Recovery¶
Ralph Workflow is a free and open-source AI agent orchestrator built around a simple core loop inspired by the original Ralph loop. That simple core composes into a stronger workflow system for serious repo work, and the default workflow is already strong enough to start with before you customize anything.
New to Ralph Workflow? Start with Getting Started first. This page explains how Ralph Workflow behaves when a run is interrupted or something fails.

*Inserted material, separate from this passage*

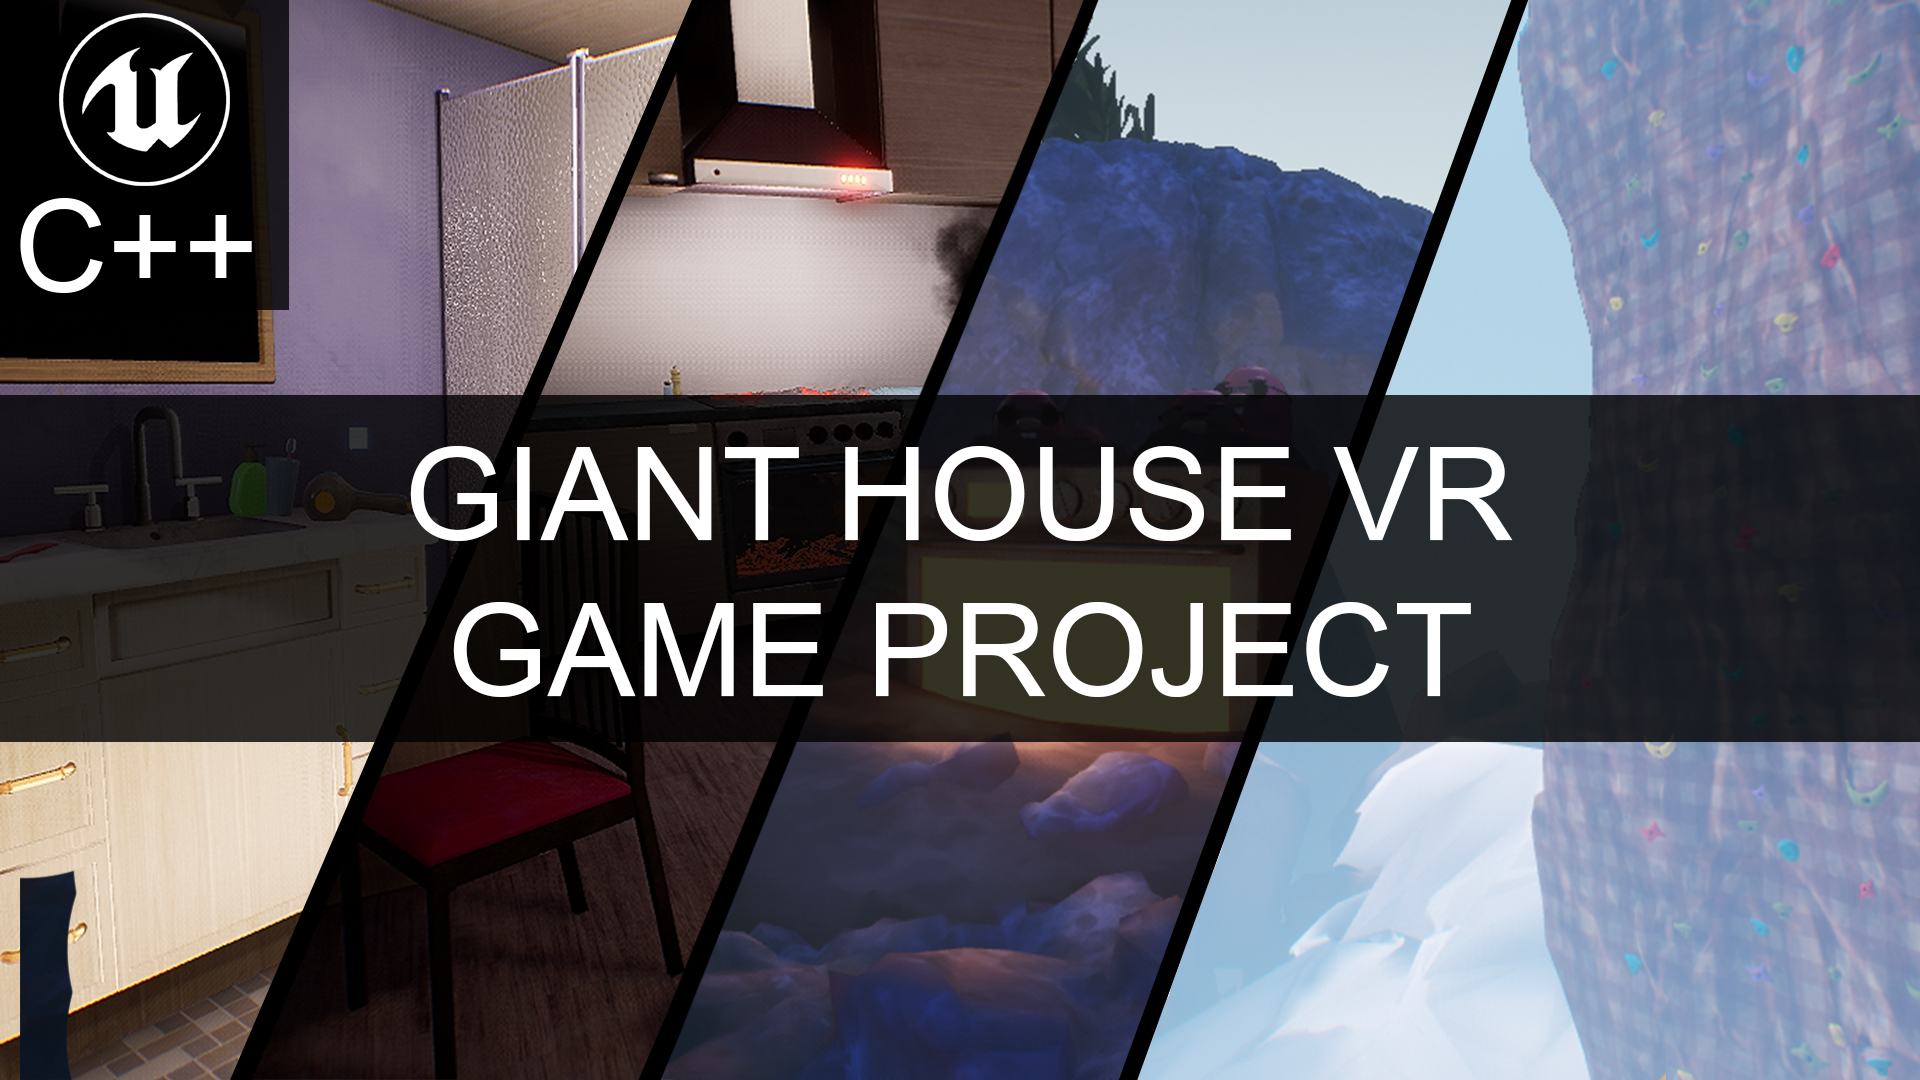 GiantHouse_HDThumbnailTemplate

Ralph Workflow treats recovery as a built-in part of the product, not an afterthought. In normal use, you do not need to turn anything on. Ralph Workflow retries transient failures, keeps checkpoints up to date, and can resume safely after interruptions.
The practical model¶
Most users only need to know three things:
Ralph Workflow can retry some failures automatically
Ralph Workflow writes checkpoints so a run can resume later
you choose whether to resume from a saved checkpoint or start fresh
Failure categories¶
Every failure is classified into one of four categories:
Category |
Description |
Counts against budget? |
|---|---|---|
|
Network outage, upstream service error, transport disconnect |
No |
|
Empty output, idle timeout, malformed tool calls, repeated policy violations |
Yes |
|
Invalid config, unbound agent chain, missing required inputs |
No |
|
Ralph Workflow cannot confidently determine the cause |
No |
The goal is simple: transient infrastructure problems should not burn the same budget as genuine agent failures.
Offline detection and auto-resume¶
Ralph Workflow monitors connectivity. While offline, the run pauses instead of burning budget. When connectivity returns, Ralph Workflow resumes automatically.
You will see messages like:
Offline — paused (since HH:MM:SS)
and later:
Recovery resumed after offline
Two-SIGINT behavior¶
First Ctrl+C — cancel in-flight work, shut down in order, save the checkpoint, and pause
Second Ctrl+C — exit immediately without waiting for cleanup
Retry and fallover¶
Each phase uses an agent chain. If one agent exhausts its retry budget, Ralph Workflow can fall over to the next configured agent.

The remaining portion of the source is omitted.